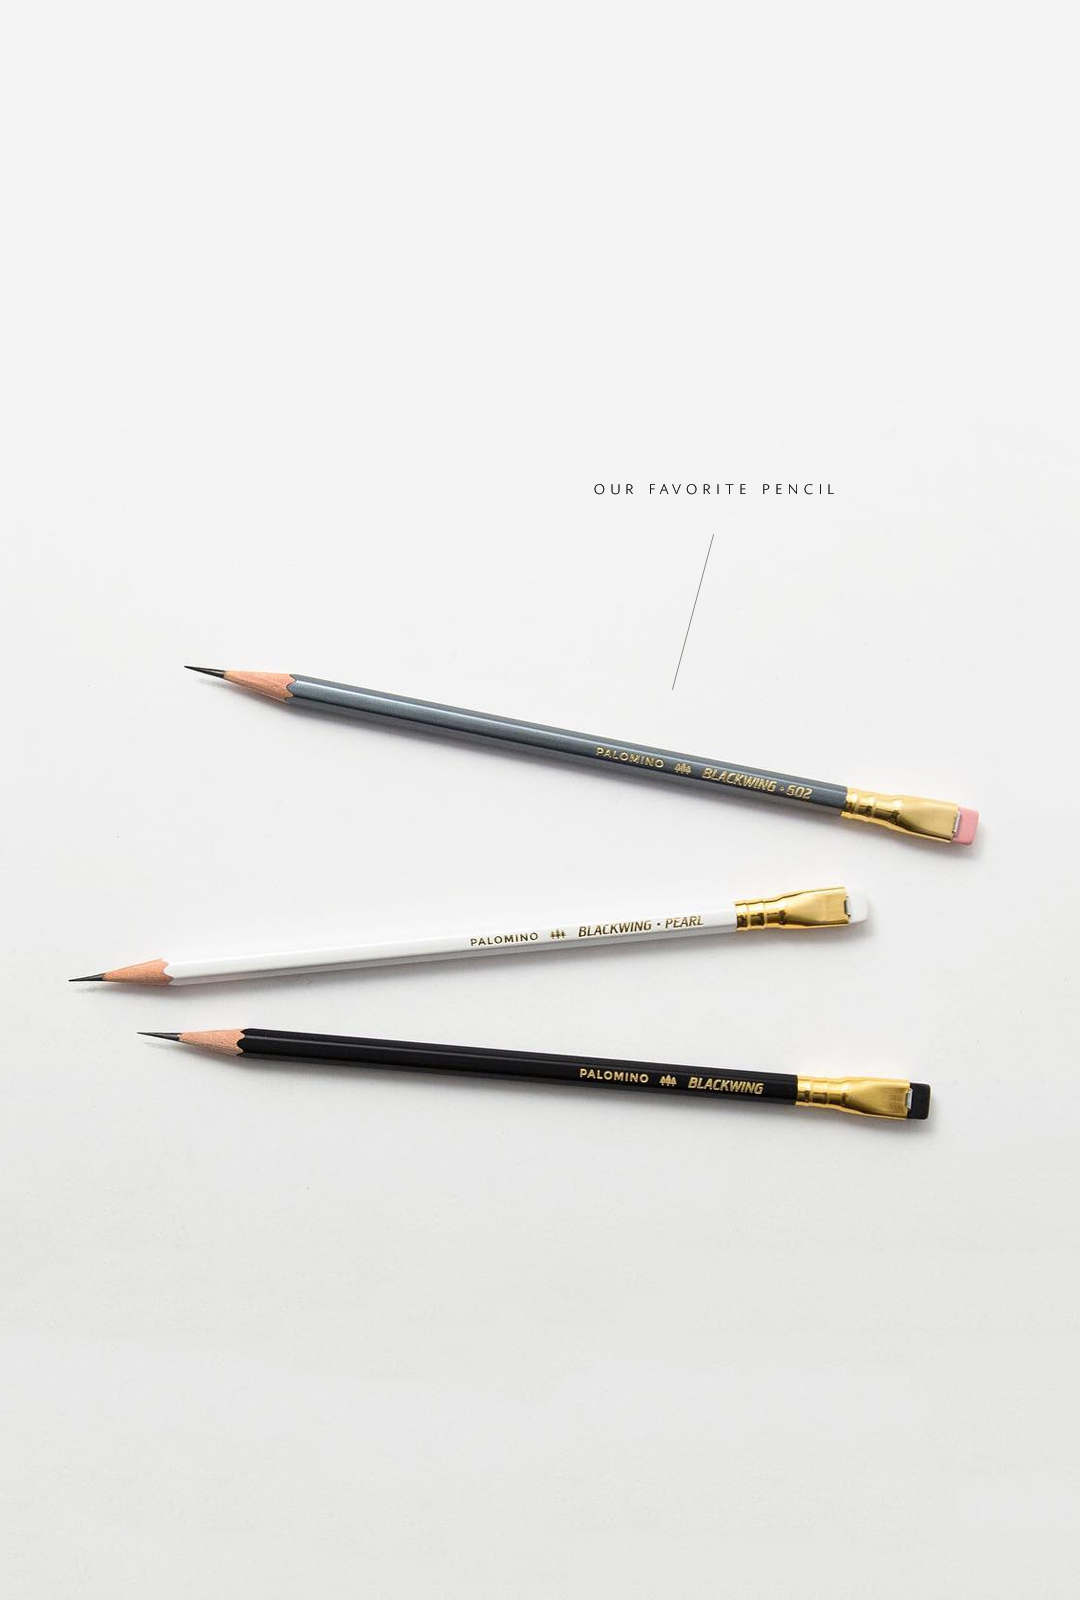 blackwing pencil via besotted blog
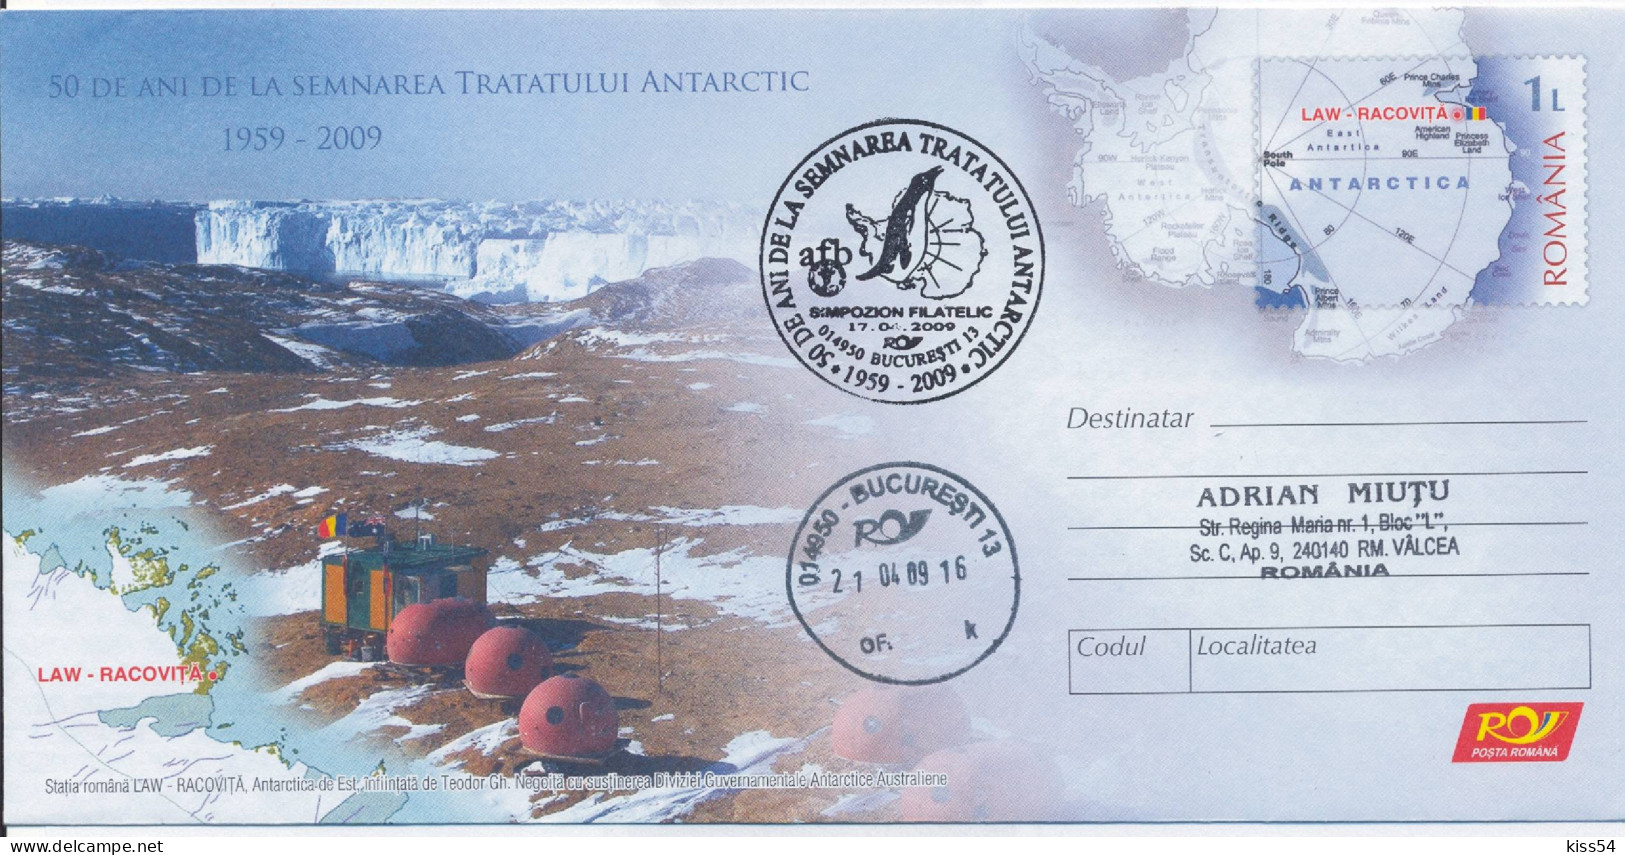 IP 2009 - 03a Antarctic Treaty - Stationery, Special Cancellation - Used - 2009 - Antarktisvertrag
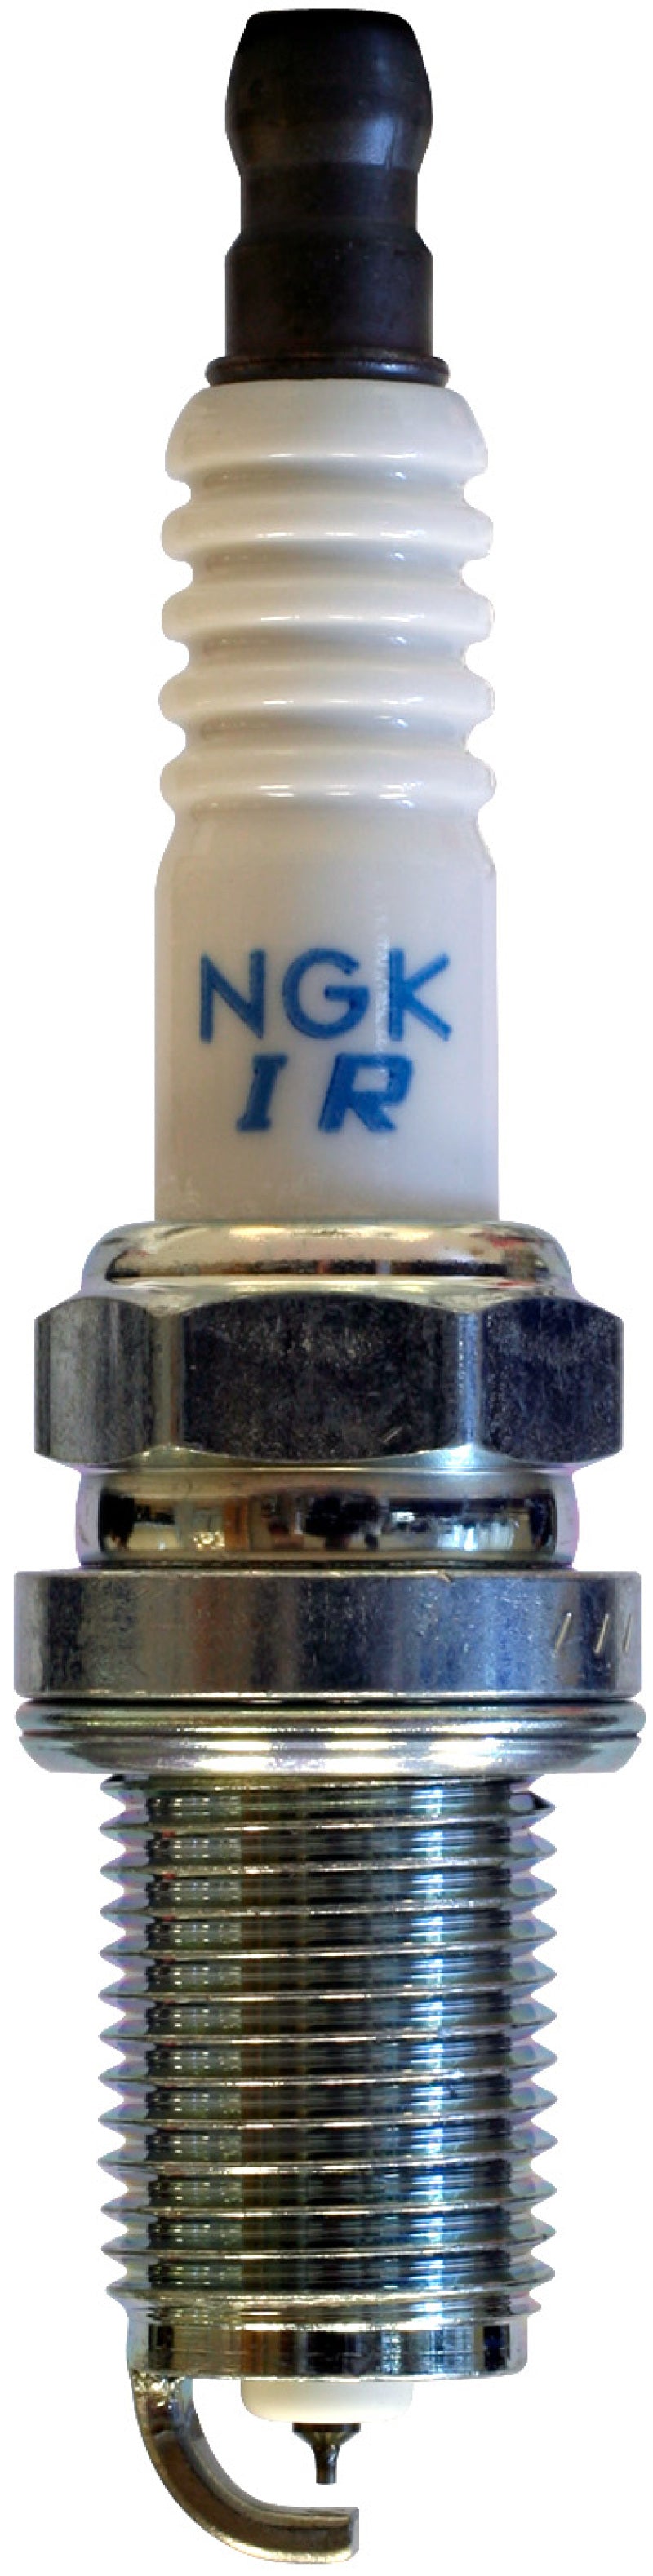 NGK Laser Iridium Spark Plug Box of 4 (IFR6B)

_EXERCISE_:
Print the whole listing exactly, please, and keep any images out of it.

_SOLVED EXERCISE_:
 blackwing pencil via besotted blog
 IP 2009 - 03a Antarctic Treaty - Stationery, Special Cancellation - Used - 2009 - Antarktisvertrag
 NGK Laser Iridium Spark Plug Box of 4 (IFR6B)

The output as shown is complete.